Tanja Stern Fern von CannesDoch so schwungvoll die Zusammenarbeit begann, so zäh kam sie in der Folge vom Fleck. In der DDR war eine Buchedition grundsätzlich eine ungeheuer umständliche Angelegenheit, und in meinem Fall wurde sie durch verschiedene Faktoren noch zusätzlich erschwert – durch meine Unerfahrenheit zum Beispiel, die mich in jedes Messer laufen ließ. Mein armer Text wurde zum Gegenstand endloser Lektoratsdebatten und immer neuer Überarbeitungen. Als es 1985 endlich erschien, hatte ich daran keine Freude mehr. Mein Enthusiasmus war restlos verbraucht. Ich hatte mir von diesem Projekt eine Art Durchbruch als Autorin versprochen und dafür Kompromisse hingenommen, für die ich mich heute schämen muss. Doch all der Aufwand blieb ohne Belohnung. Das Buch war erfolglos (nicht bei der Presse, aber, viel wichtiger, beim Verkauf), und der Verlag ließ sich trotz mehrerer Anläufe auf weitere Projekte mit mir nicht mehr ein.

Viel später, als ich meine Texte im Selfpublishing herausgab, nahm ich mir vor, der Vollständigkeit halber die Erzählungstrilogie, die ja immerhin mein literarisches Debüt war, in ebook-Form herauszugeben und damit in die digitale Welt hinüberzuretten. Doch als ich in Vorbereitung der Edition die drei Geschichten nach Jahrzehnten wieder las und kritisch prüfte, bewegten mich ambivalente Gefühle. Es war nicht so, dass ich schockiert und beschämt reagiert oder dass ich mich innerlich abgewandt hätte, wie man es oft von reifen Autoren hört, die sich mit ihren „Jugendsünden“ konfrontiert sehen. Nein, ich hielt meine Geschichten noch immer für halbwegs vorzeigbar und rückte nicht von dem Vorsatz ab, sie als ebook erneut ans Licht der Welt zu befördern. Die Korrekturen, die ich vornahm, waren so minimal, dass man sie kaum als Überarbeitung bezeichnen kann. 

Und dennoch fand ich die Texte gealtert, fand sie gewissermaßen getrocknet und geschrumpft, sowohl von der Form her (wie befremdlich wirkt heute der DDR-Stil der 1980er Jahre!) als auch vor allem in ihrer Bedeutung. Einst hatte ich in dem Wahn geschwebt, damit etwas höchst Kritisches, Entlarvendes und Revolutionäres zu verfassen. Ich hatte um jede Zeile gerungen, hatte endlose Debatten und erniedrigende Kompromisse in Kauf genommen, weil ich überzeugt gewesen war, der DDR-Gesellschaft mit diesen Erzählungen etwas ungemein Wichtiges vermitteln zu können. So war ich aufgewachsen, in einer Welt, die dem geschriebenen Wort eine rasante gesellschaftliche Sprengkraft beimaß; denn was immer man der DDR vorwerfen mag, sie hatte vor der Literatur einen Respekt, wie man ihn heutzutage vergeblich sucht, den Respekt der Diktatur vor der fremden Macht des Geistes.

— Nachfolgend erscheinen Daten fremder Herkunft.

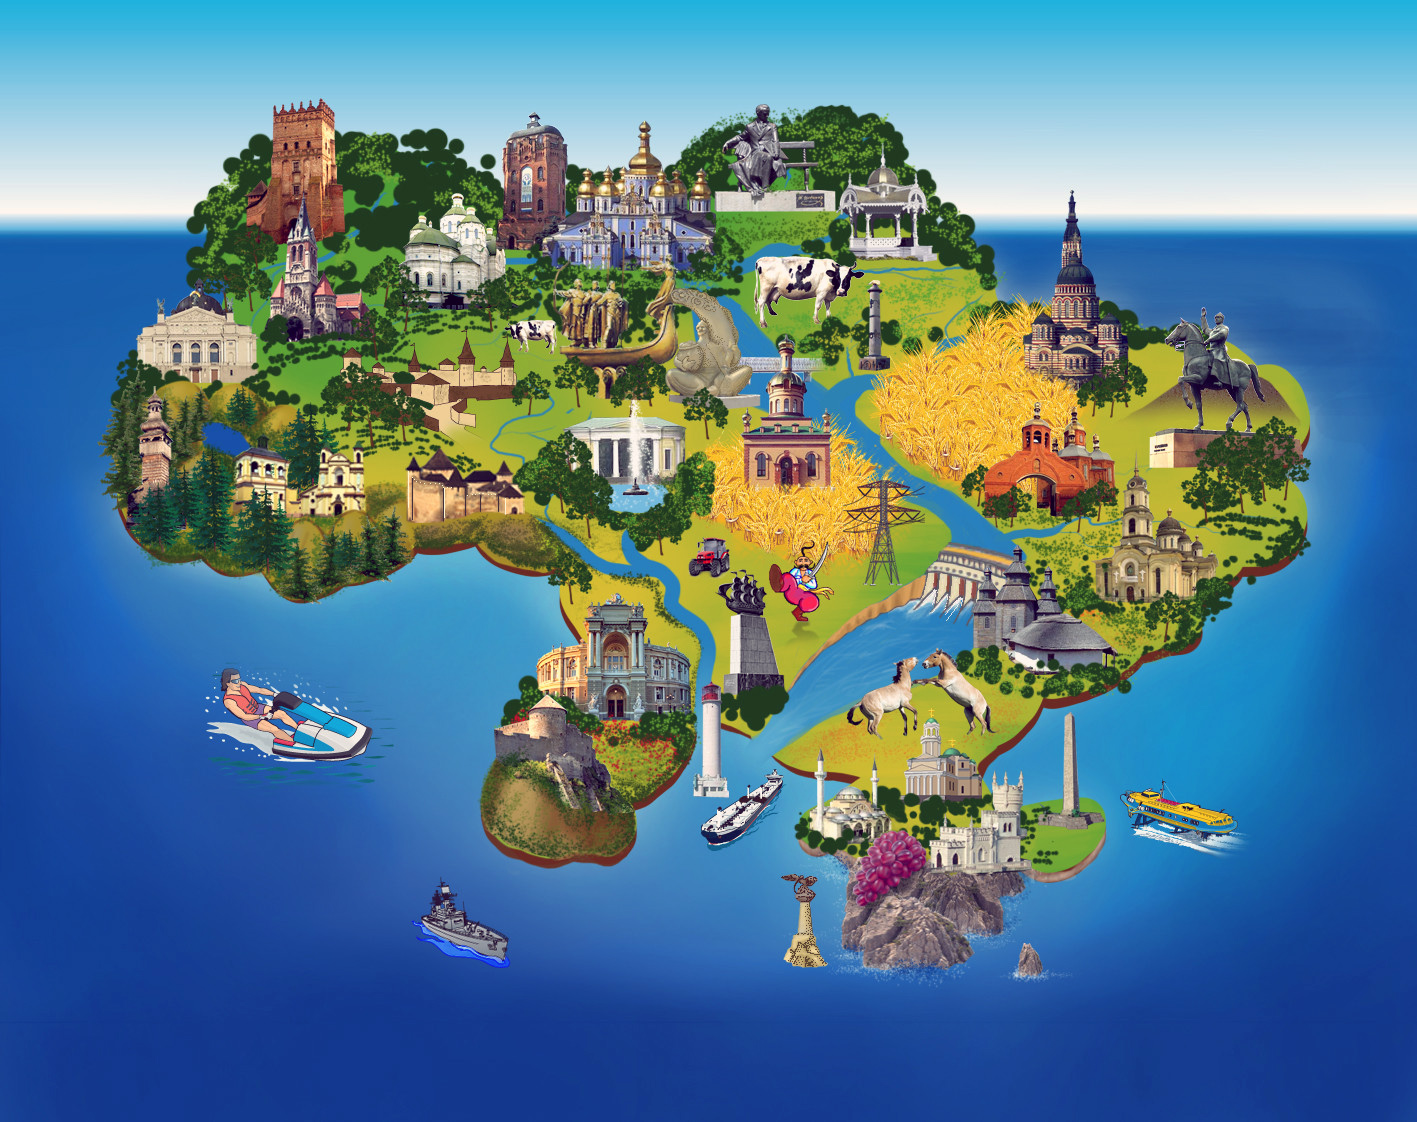 detailed-tourist-map-image-of-ukraine
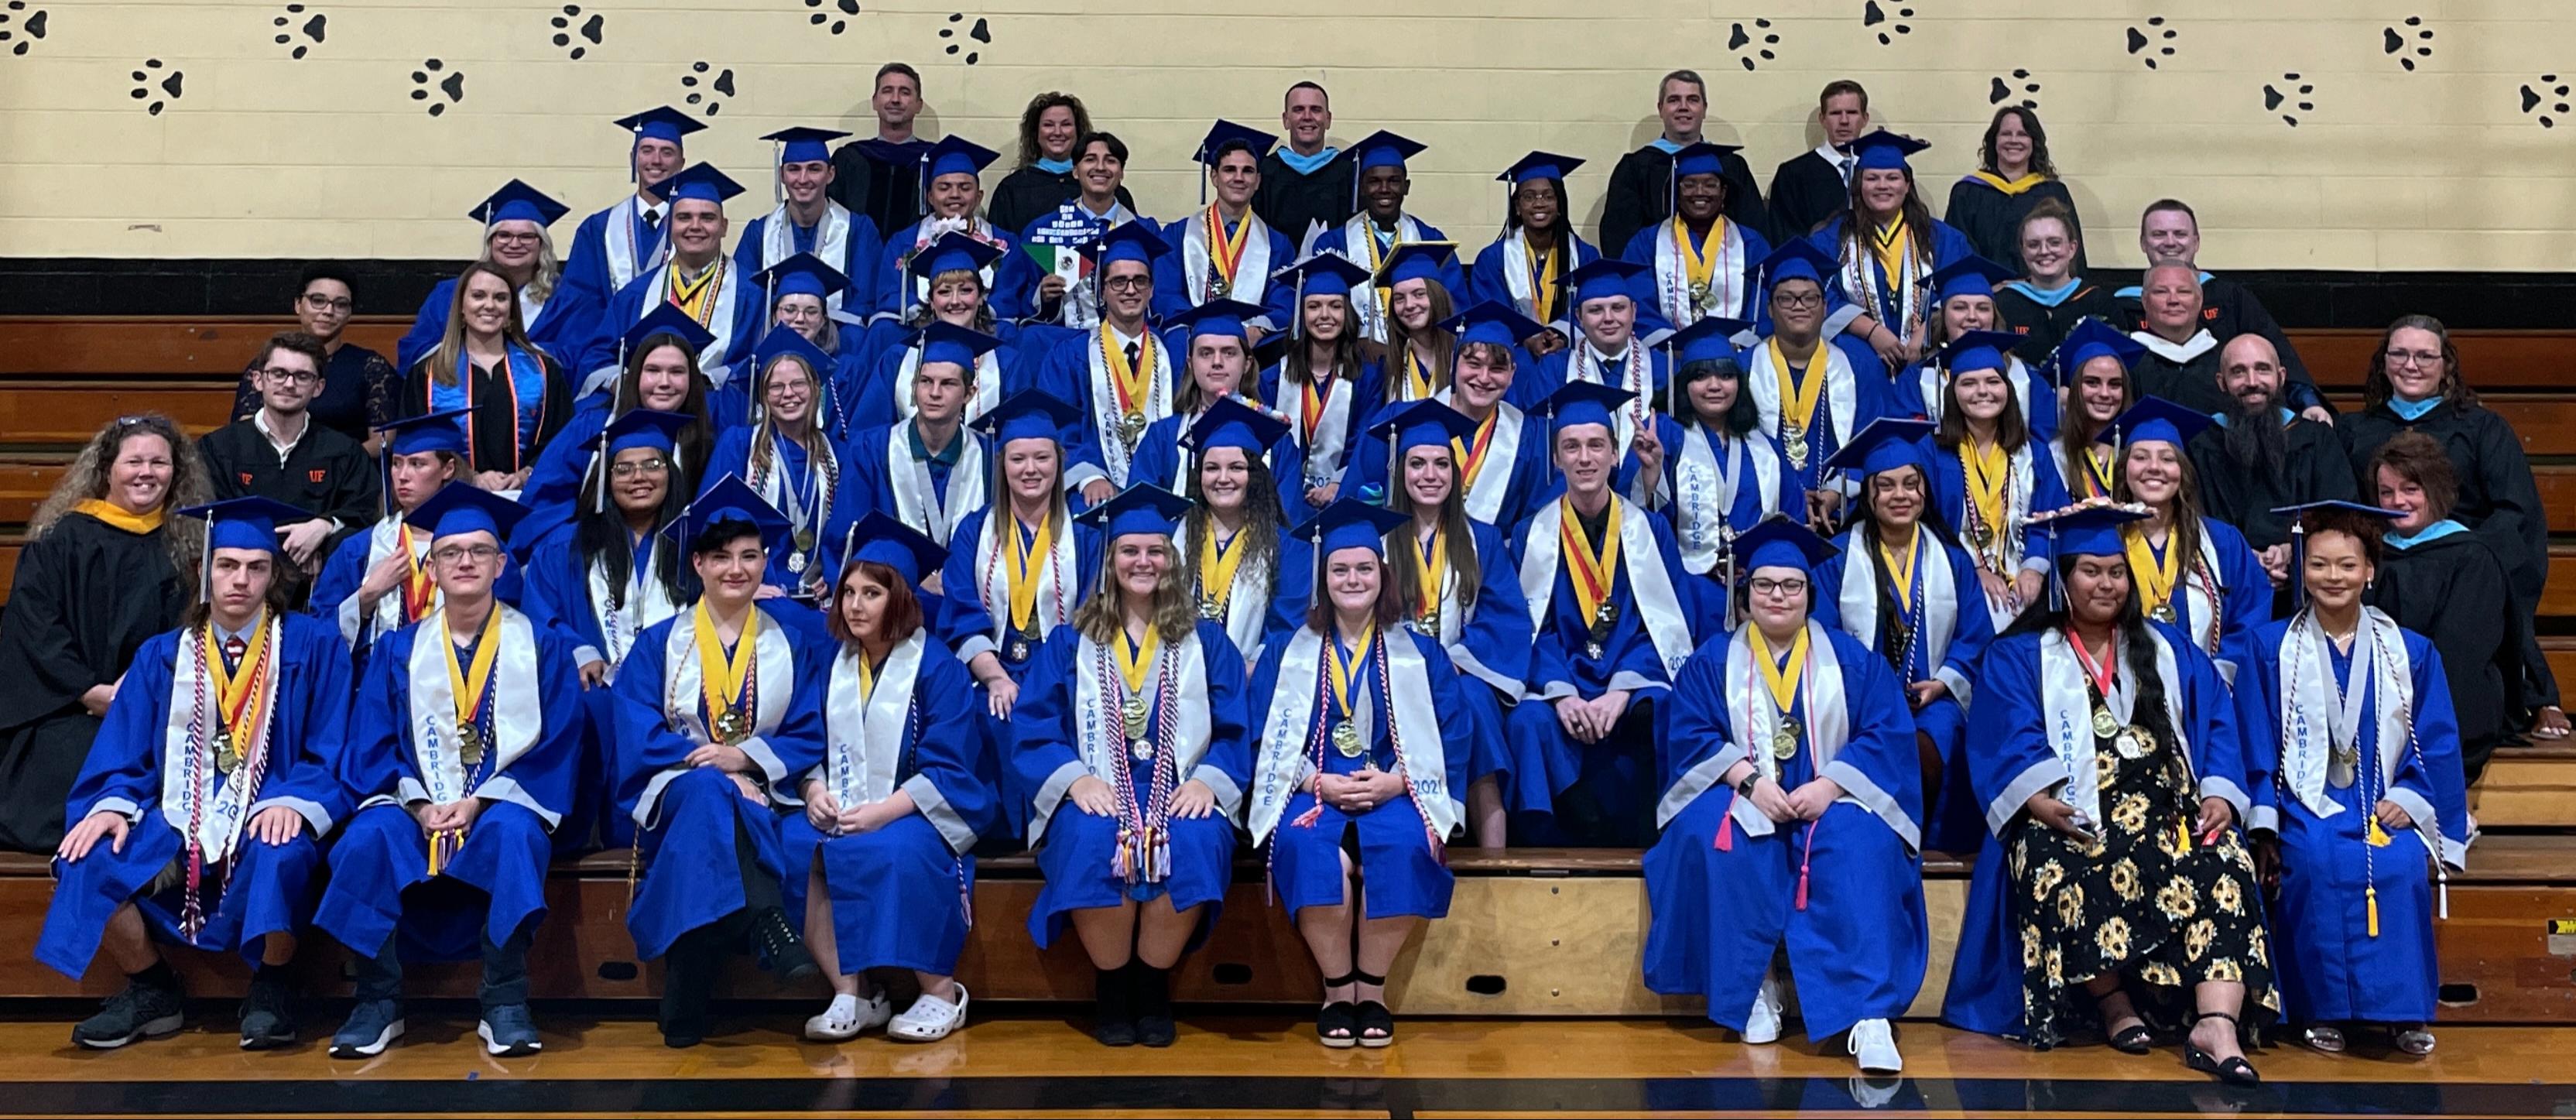 Senior class and staff

Nun, „Fern von Cannes“ hat seinerzeit selbst in der DDR kaum Aufsehen erregt, und wenn ich den Band jetzt wieder lese, kann ich nur staunen, dass all das Kämpfen und Barmen, all die wilden Diskussionen und schlaflosen Nächte in diese ruhig kühle, rein literarische Bestandsaufnahme gemündet sind – dass ein paar Jahrzehnte reichen, um einem Buch die Intention und das Herzblut zu entziehen, mit denen es ursprünglich geschrieben wurde. "Fern von Cannes" ist nichts als ein gewöhnlicher, solider, etwas altmodischer Text, und ich kann froh sein, wenn darin wenigstens eine gewisse atmosphärische Befindlichkeit geblieben ist, die die DDR überdauert hat.